[WHAT IS EXPECTED]
Please give the lines below again exactly as they stand, from the one that contains "GraphicRiver Dubstep Flyer Vol 02 8771834" up to and including the one that contains "Microsoft Windows 10", leaving all pictures out.

[RECORDED INFORMATION]
[Start of Attachment]

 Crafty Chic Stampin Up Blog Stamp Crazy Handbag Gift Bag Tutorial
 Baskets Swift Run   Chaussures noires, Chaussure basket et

[End of Attachment]
[Start of Attachment]

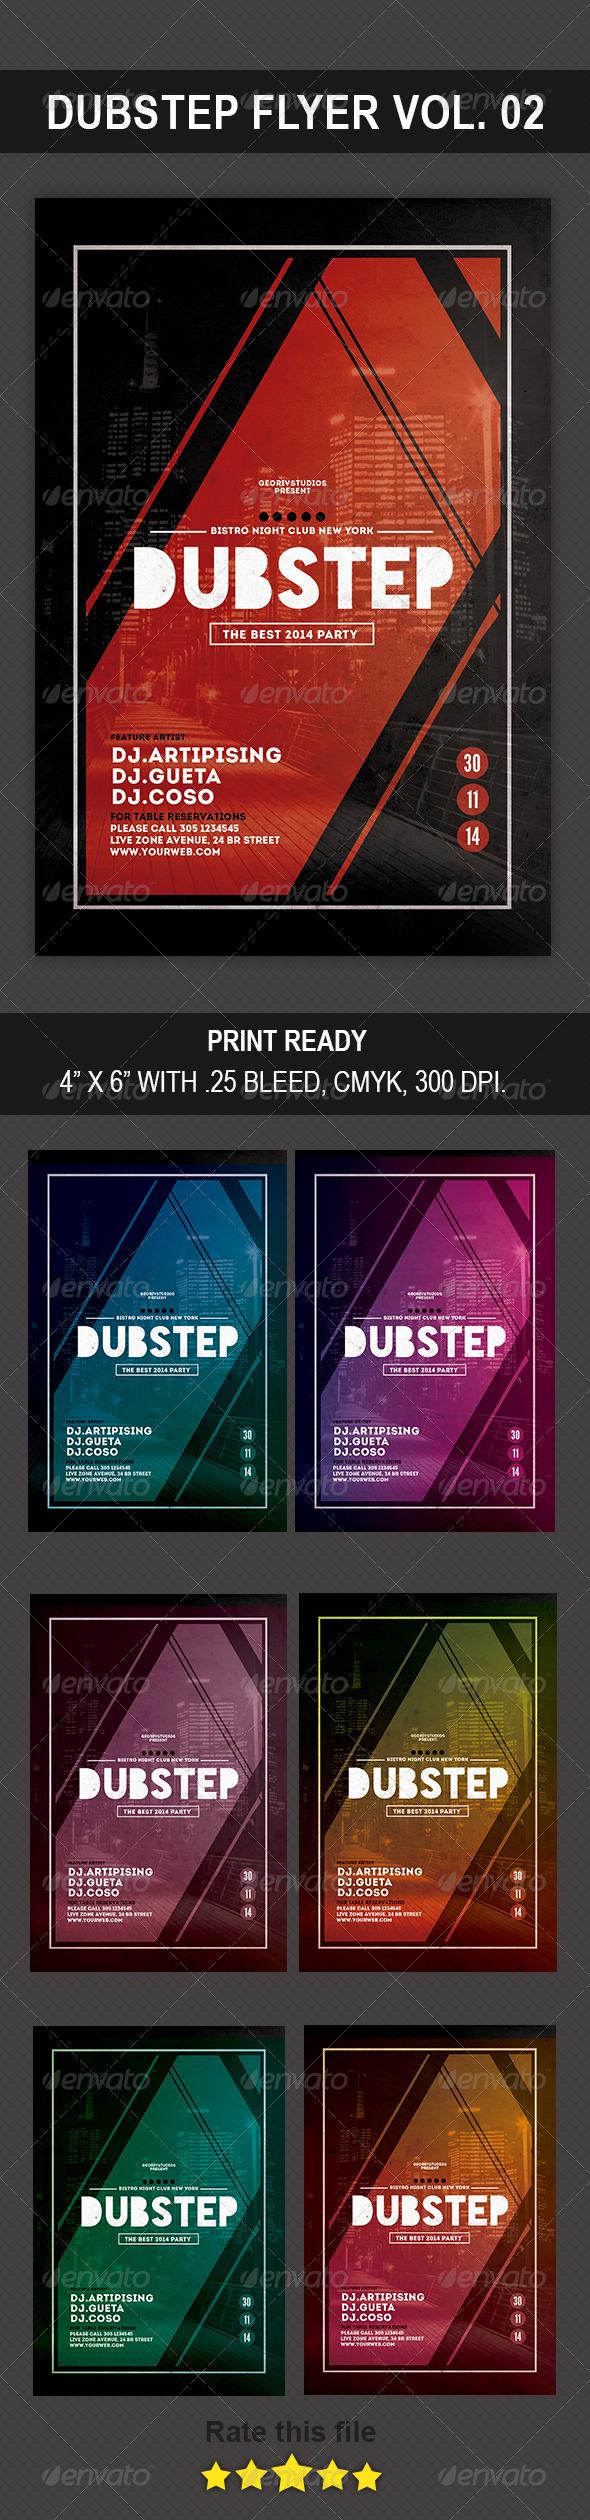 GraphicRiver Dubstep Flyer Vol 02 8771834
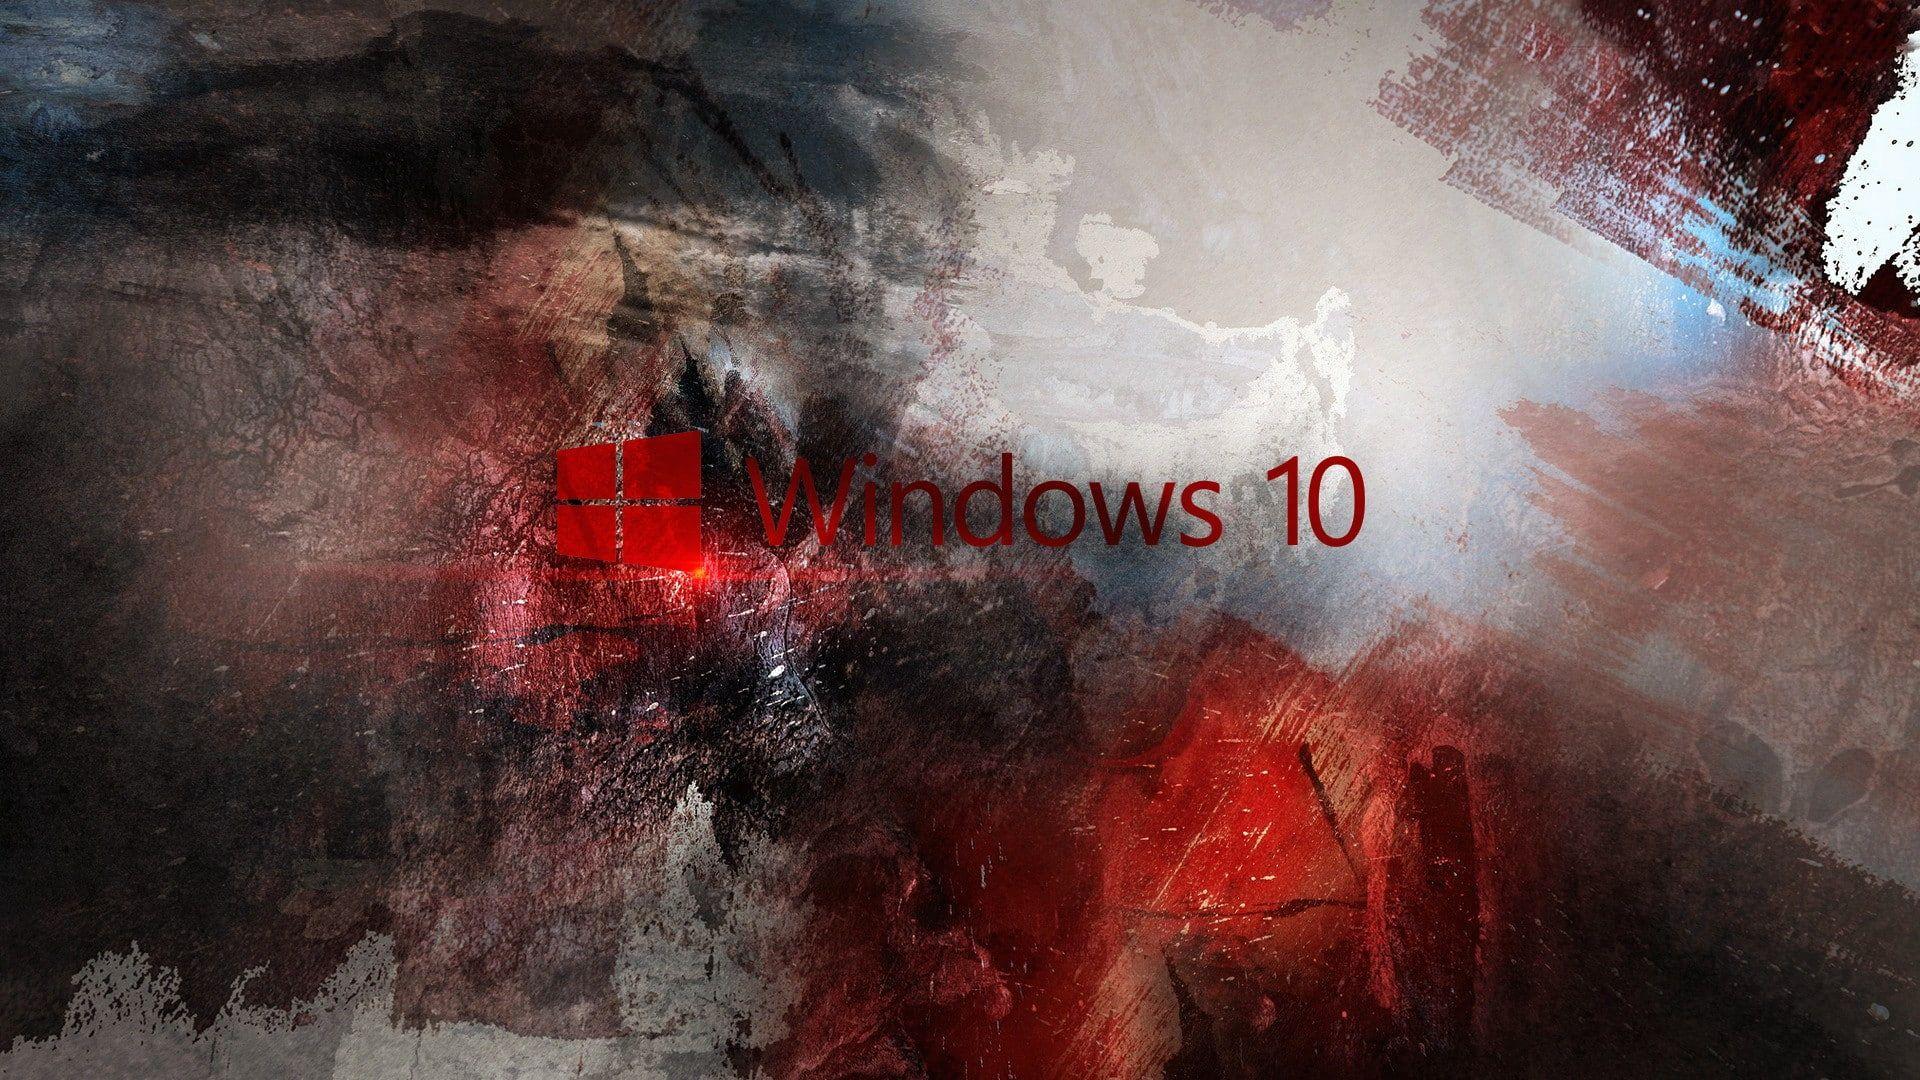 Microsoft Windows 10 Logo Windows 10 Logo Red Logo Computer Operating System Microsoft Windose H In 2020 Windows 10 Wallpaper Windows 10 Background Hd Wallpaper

[End of Attachment]

[YOUR RESPONSE]
 GraphicRiver Dubstep Flyer Vol 02 8771834
 Microsoft Windows 10 Logo Windows 10 Logo Red Logo Computer Operating System Microsoft Windose H In 2020 Windows 10 Wallpaper Windows 10 Background Hd Wallpaper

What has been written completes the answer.